The sneaky little secret right now seems to be the pace with which companies are reacting to the high energy prices to spend capital on coal exploration, and to take advantage of the Marcellus Shale formation that runs northeast through the region. The billion dollar waste coal-to-energy plant Ray Bologna is planning in the Beech Hollow section of Robinson Township in Washington County has been quietly moving ahead, with Bechtel Energy pre-qualifying early contracts. We’ve read about Consol & CNX Energy’s successes but with less fanfare Atlas Energy has been spending millions opening up new gas wells throughout Fayette and Washington and Greene.

Marcellus Shale offers a potentially rich source of nat gas that has been attracting national players. Baker Hughes recently selected a design-build team of A. Martini & Co.  & Desmone Associates to construct an 85,000 office and shop in New Stanton. I got a call earlier this week about a Texas-based company looking at more than 100,000 square feet for a new office in the region. My guess is this is the tip of the iceberg.

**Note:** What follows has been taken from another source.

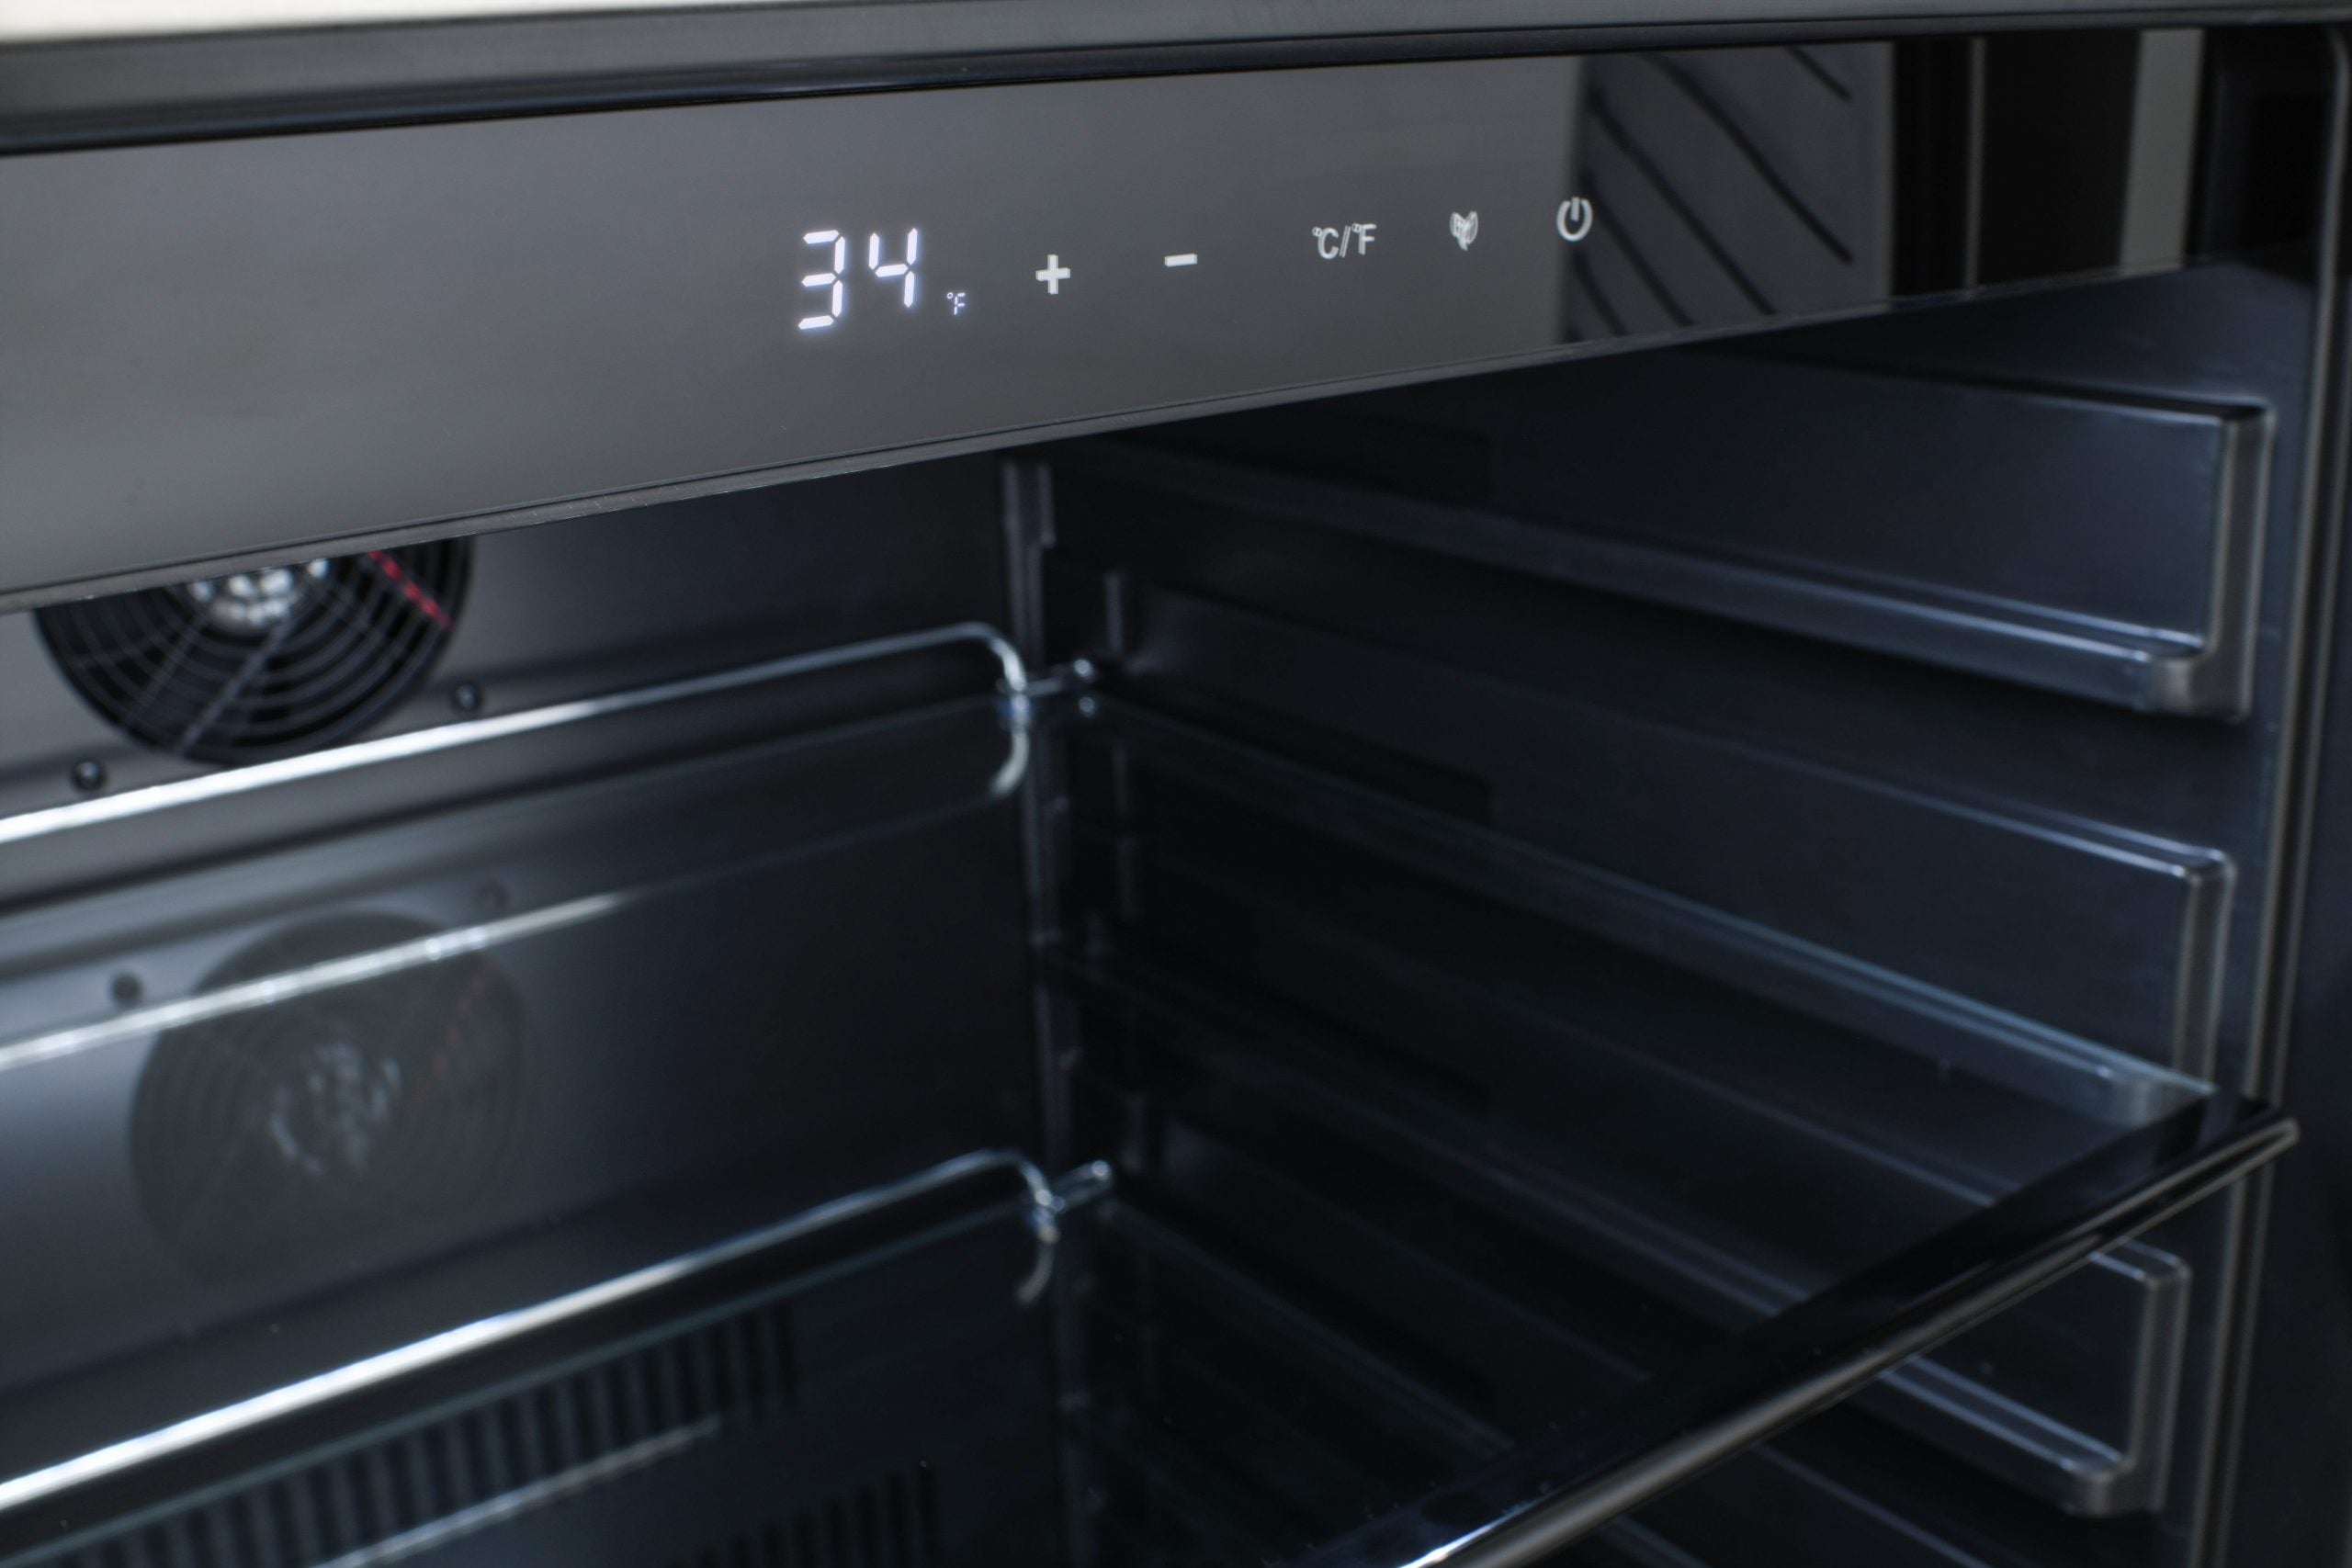 Blaze 24" Outdoor Solid Door  Refrigerator 5.5 CF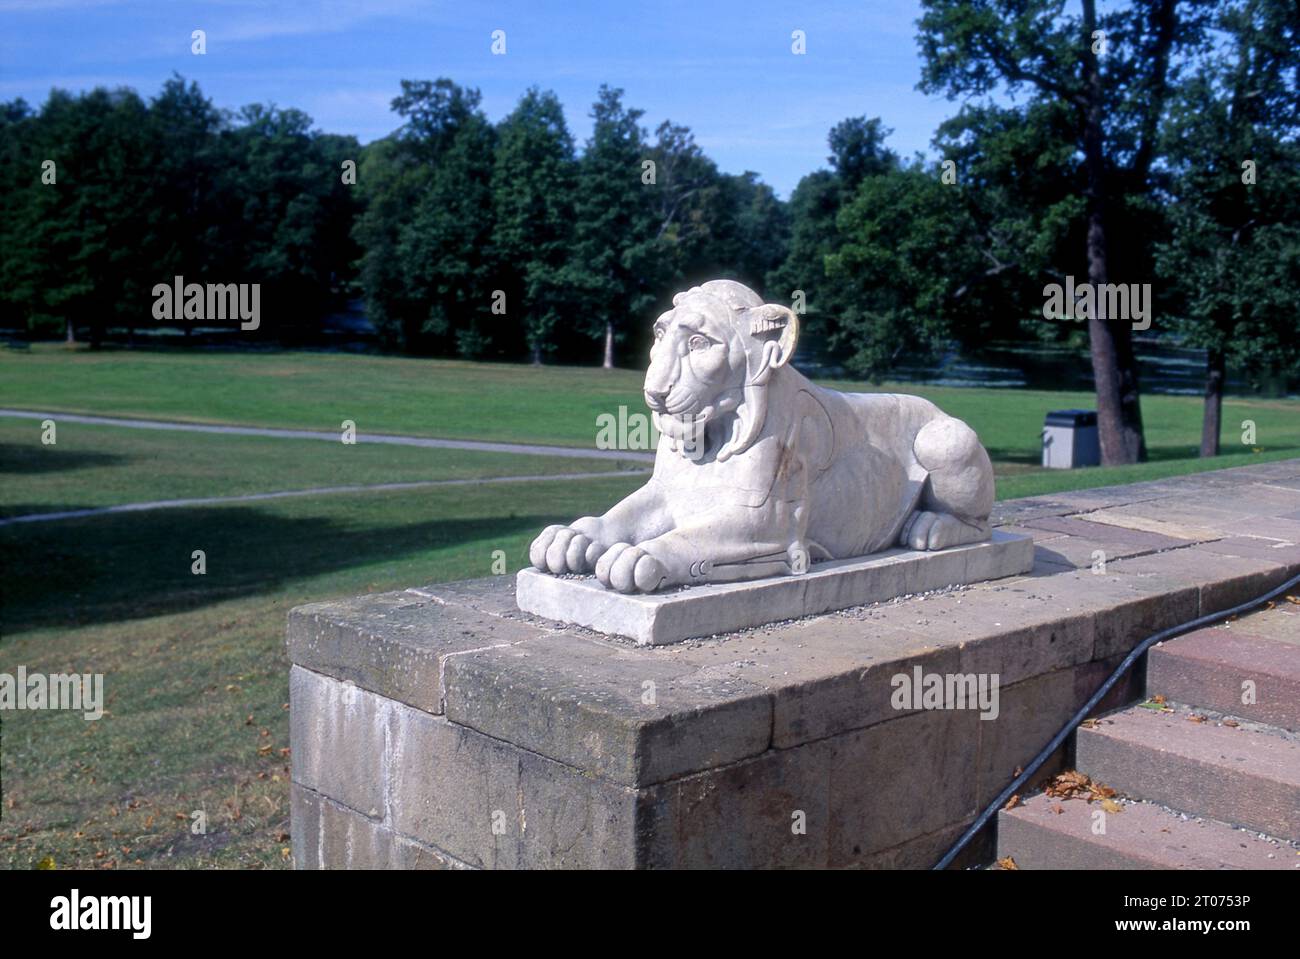 Statuaire et jardin du lion au palais de Solliden, palais d'été du roi à Oland, Suède, Europe Banque D'Images

Just an hour east of here you can see evidence of the expansion of wind power generation in Somerset. That’s just one of a handful of windfarms in Somerset and Cambria Counties. Another is planned next year for Fayette. Aside from the local construction jobs, that industry has grown expertise in design and construction of wind farms. Monroeville contractor Walbridge East has done a few farms in the past couple years, but is in the mix on a handful of others around the country.

It’s easy to forget the role western PA played in our nation’s energy boom a hundred years ago. But if you drive up through Butler to Oil City you get reminded that oil was discovered in PA first. We sit on some of the largest natural gas deposits in the western hemisphere, along with the aforementioned mines. And George Westinghouse has a little to do with the birth of practical electrification.

There’s an even chance that American conservation efforts and some global politics will conspire to deflate the price of oil again, or that it will stay at record high territory, or even that it will bounce up and down like CMU professor Lester Lave predicts. Whatever scenario plays out, the likelihood is that more energy-related construction is coming to western PA. My optimism comes from my experience that if I know about 2 nice projects coming to the region, there are probably 10 more I don’t know. Maybe I’m on top of things-but I wouldn’t count on it.